I was wondering what package you used to generate visualize the schedule as a dot graph. That seems useful, but I couldn’t find anything in the TVM repo.

Thanks!

The dotty graph are rendered by Tensor Expression Debug Display (TEDD) from us. We are going to publish it soon.

Great! Looking forward to it.

Hi,

I am not sure if the updated description captures the full semantics of bind either. The following simple and very similar example throws up an error during bounds checking.

    import tvm

    m = 1024
    I = tvm.placeholder((m,), name='I')

    A = tvm.compute((m,), lambda i: I[i] * 2, name = "A")
    B = tvm.compute((m,), lambda i: A[i] * 2, name = "B")

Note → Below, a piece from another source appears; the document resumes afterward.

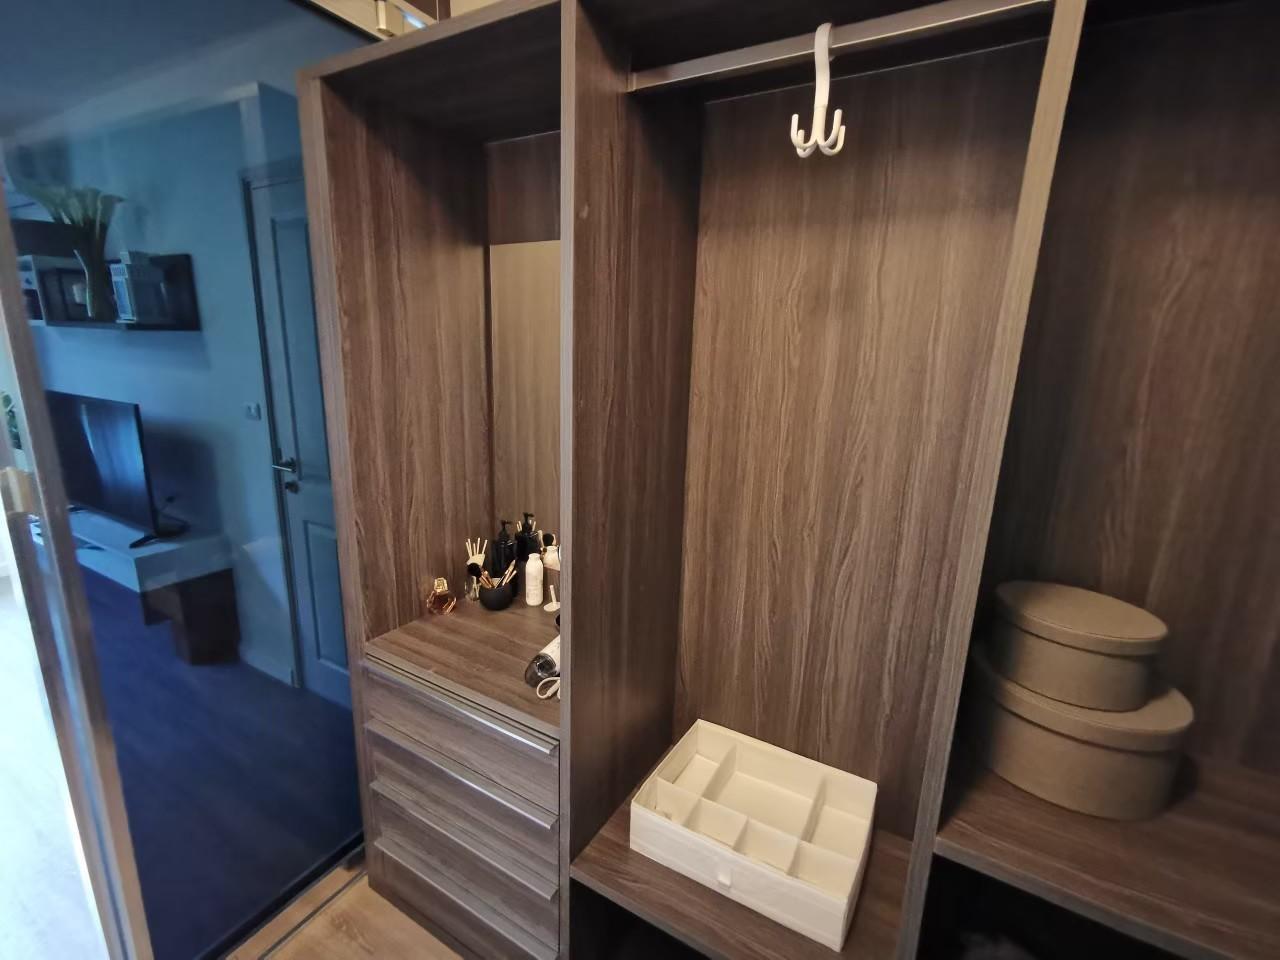 Poolcondo 2room  forfamily wall to mall 2 minute อพาร์ตเมนต์ 2 ห้องนอน 2 ห้องน้ำส่วนตัว ขนาด 65 ตร.ม. – ฟ้าฮ่าม

    s = tvm.create_schedule([B.op])
    bx = tvm.thread_axis("blockIdx.x")
    tx = tvm.thread_axis("threadIdx.x")

    xo, xi = s[A].split(s[A].op.axis[0], factor = 32)
    s[A].bind(xo, bx)
    s[A].bind(xi, tx)

    xo, xi = s[B].split(s[B].op.axis[0], factor = 32)
    s[B].bind(xo, bx)
    s[B].bind(xi, tx)

    s[A].compute_at(s[B], xi)

    print(tvm.lower(s, [I], simple_mode = True))

Given this, I was wondering is there a more robust way to specify the schedule in the original post (the one with the two matrix vector multiplies in the same CUDA kernel) in TVM right now. I would very much like to be able to pack multiple such operations in the same kernel as far as possible.